The tail of /etc/nginx/conf.d/default.conf when both, working and not working, are up:

server {
	server_name _; # This is just an invalid value which will never trigger on a real hostname.
	listen 80;
	access_log /var/log/nginx/access.log vhost;
	return 503;
}
# broken.dev
upstream 5ab555de2c83ec9d6097404c6d21b848d72390a7 {
}
server {
	server_name broken.dev;
	listen 80 ;
	access_log /var/log/nginx/access.log vhost;
	location / {
		proxy_pass http://5ab555de2c83ec9d6097404c6d21b848d72390a7;
	}
}
# working.dev
upstream e4e6bd65aff2b62e7563bbb9f01998d1e9a80314 {
				## Can be connect with "bridge" network
			# working
			server 172.17.0.2:80;
}
server {
	server_name working.dev;
	listen 80 ;
	access_log /var/log/nginx/access.log vhost;
	location / {
		proxy_pass http://e4e6bd65aff2b62e7563bbb9f01998d1e9a80314;
	}
}

I find this line interesting that exists only for the working container: Can be connect with "bridge" network

[tpraxl]

Just noticed that there's a workaround for this issue here: #552 (haven't tested it myself yet). However, IMHO it's really just a workaround, because I wouldn't want to refer to externally configured networks in a docker-compose.yml that is shared with other devs who might not use the nginx proxy.

[UPDATE]
The solution to this problem is to add network_mode: "bridge" to the service in question. See some answers here: #502

[DivyangGajjar]

503 server error solved:

TRY TO SETUP

https://github.com/presentator/presentator-docker

Solution

1. If you are configured nginx-proxy server
   & and youre doing port forwarding on 8080
   and you can see 503 error.
2. Simply change in nignx-proxy container file
   change in /etc/nginx/conf.d/default.conf
   Put Your forwarding port my is 8080 on line number 52(ex. Listen 8080)
   in (proxy_set_header proxy)
3. My Problem is solved after this simple changes.
4. hope this step work for you

[diveyez]

503 server error solved:

TRY TO SETUP

https://github.com/presentator/presentator-docker

Solution

1. If you are configured **nginx-proxy** server 
    &  and youre doing port forwarding on 8080 
     and you can see 503 error.

2. Simply change in nignx-proxy container file 
    change in /etc/nginx/conf.d/default.conf 
   Put Your forwarding port my is 8080 on line number 52(**ex. Listen 8080**)
   in (proxy_set_header proxy)

3. My Problem is solved after this simple changes.

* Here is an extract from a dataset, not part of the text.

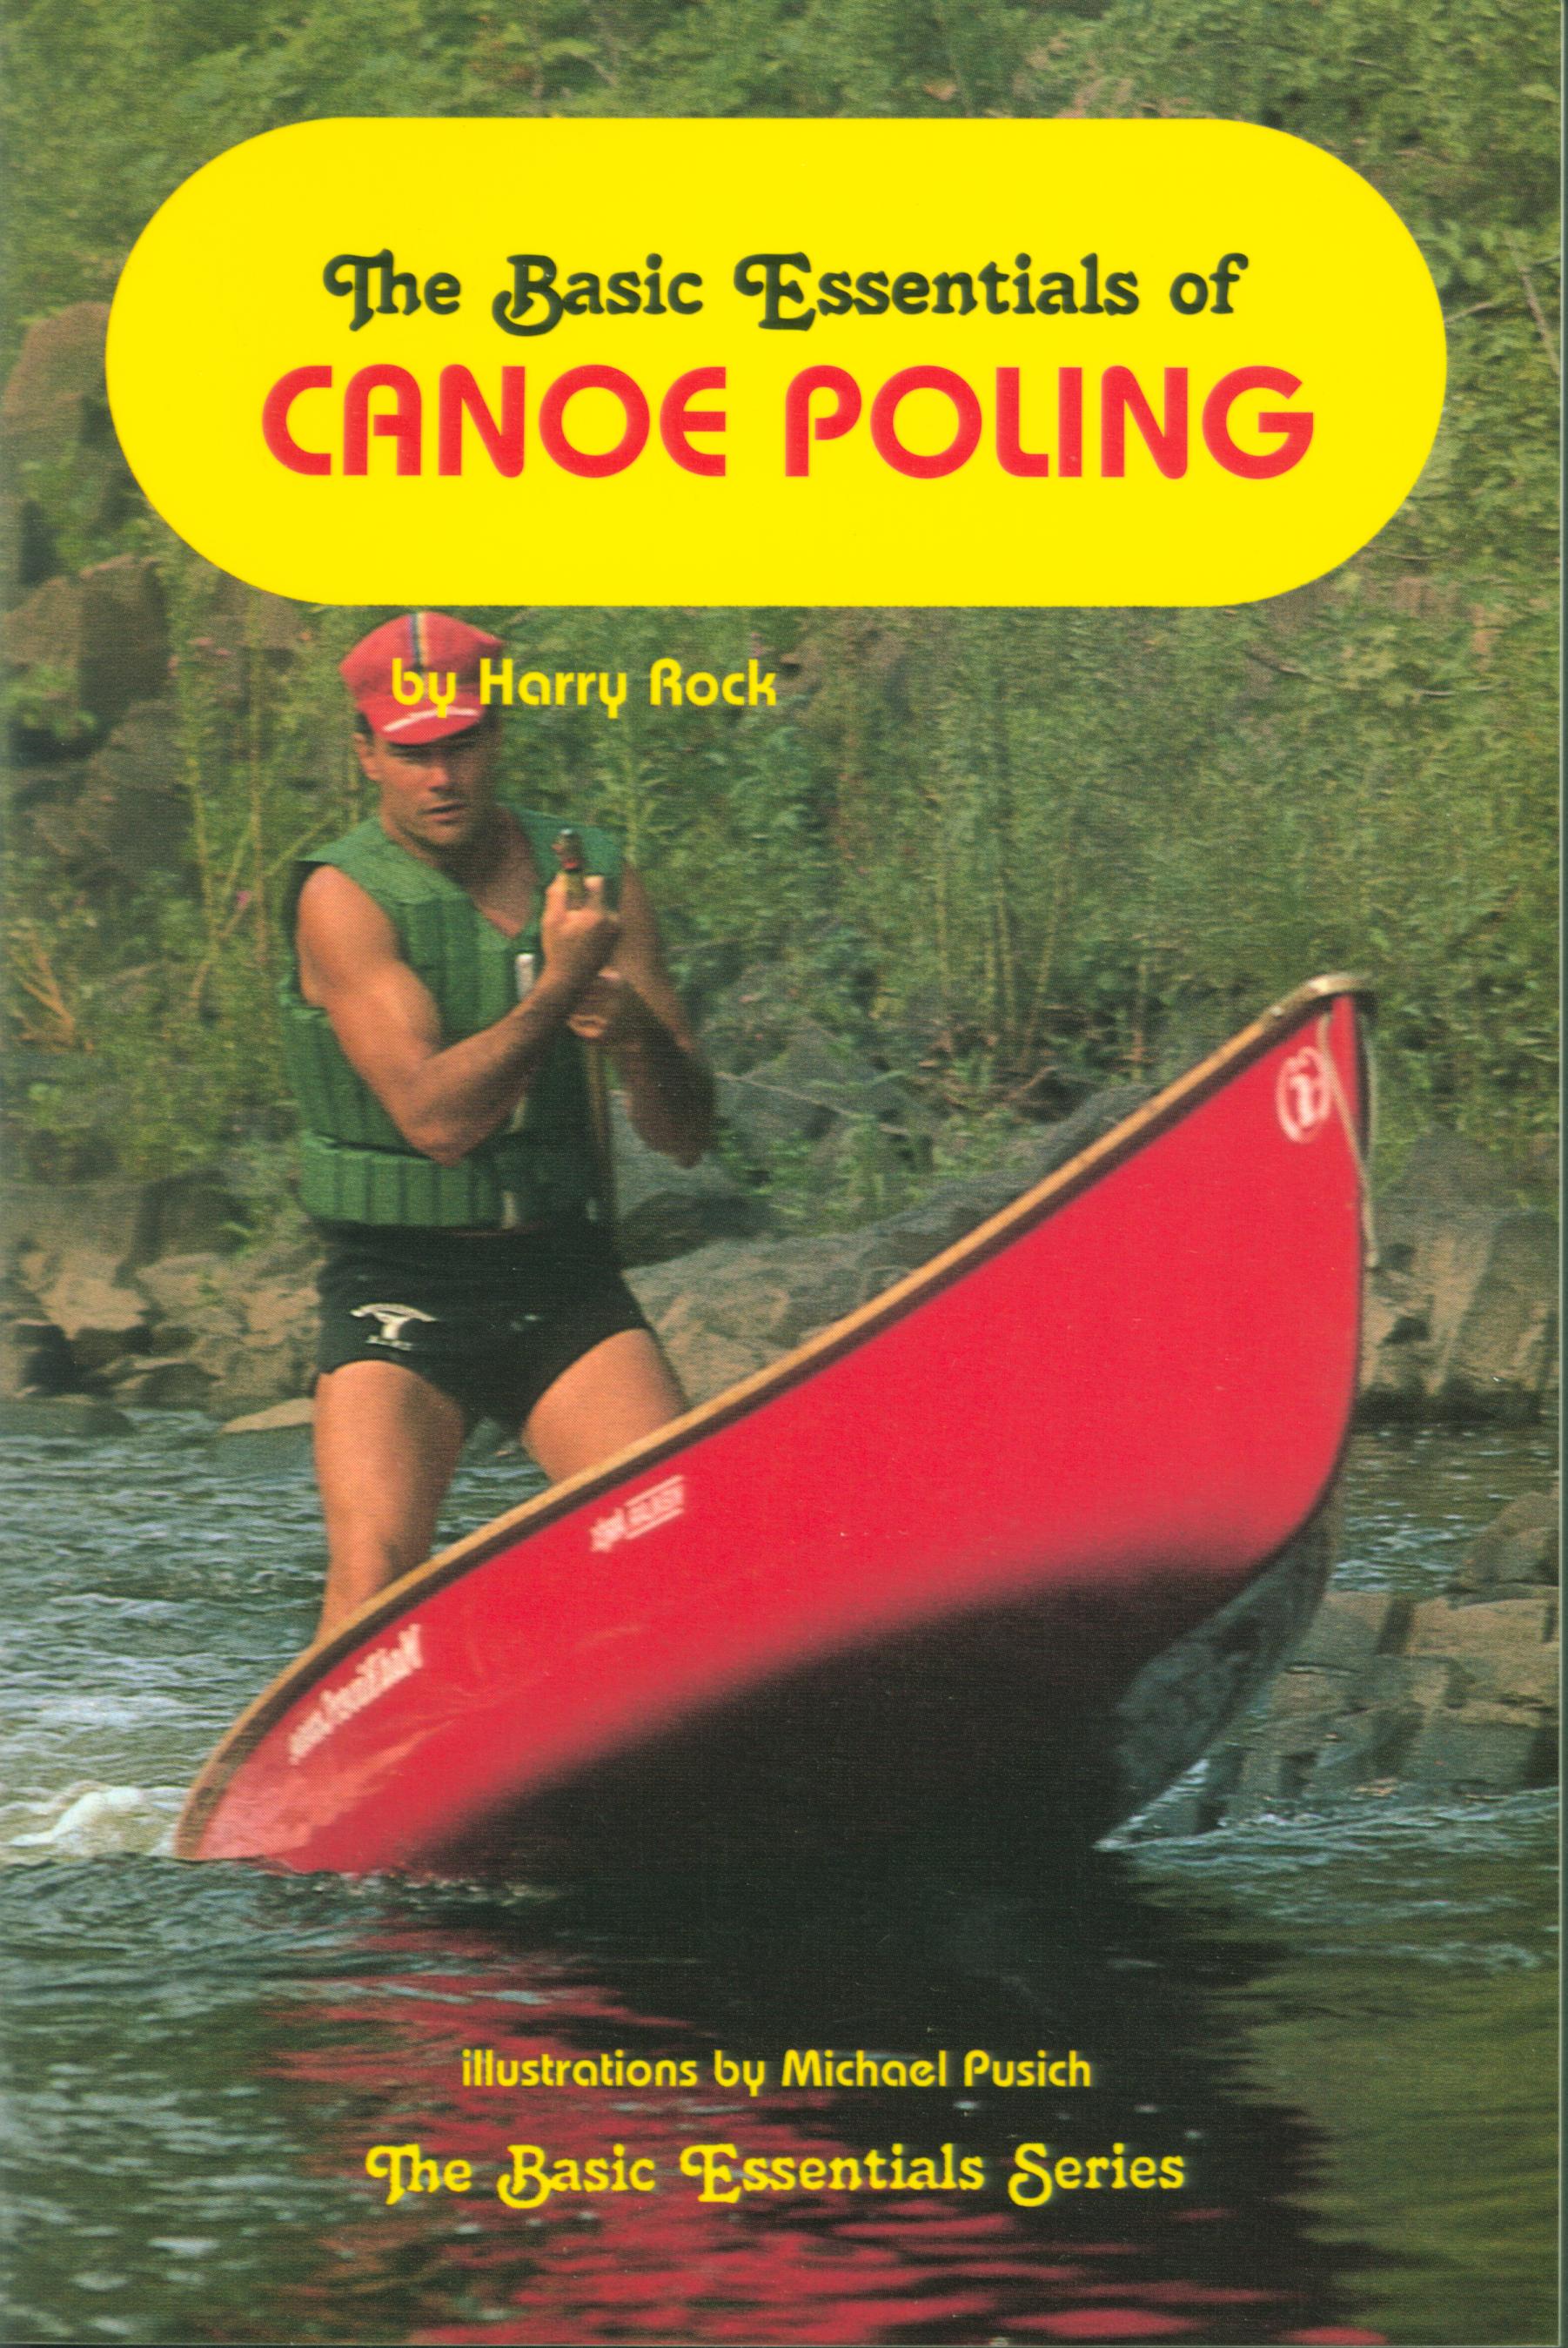 THE BASIC ESSENTIALS OF CANOE POLING.

4. hope this step work for you

This did not work =(

[dnwjn]

503 server error solved:

TRY TO SETUP

https://github.com/presentator/presentator-docker

Solution

1. If you are configured nginx-proxy server
   & and youre doing port forwarding on 8080
   and you can see 503 error.
2. Simply change in nignx-proxy container file
   change in /etc/nginx/conf.d/default.conf
   Put Your forwarding port my is 8080 on line number 52(ex. Listen 8080)
   in (proxy_set_header proxy)
3. My Problem is solved after this simple changes.
4. hope this step work for you

I managed to get around this by commenting out the nginx service, exposing the ports on the presentator service directly and pointing my reverse proxy to it.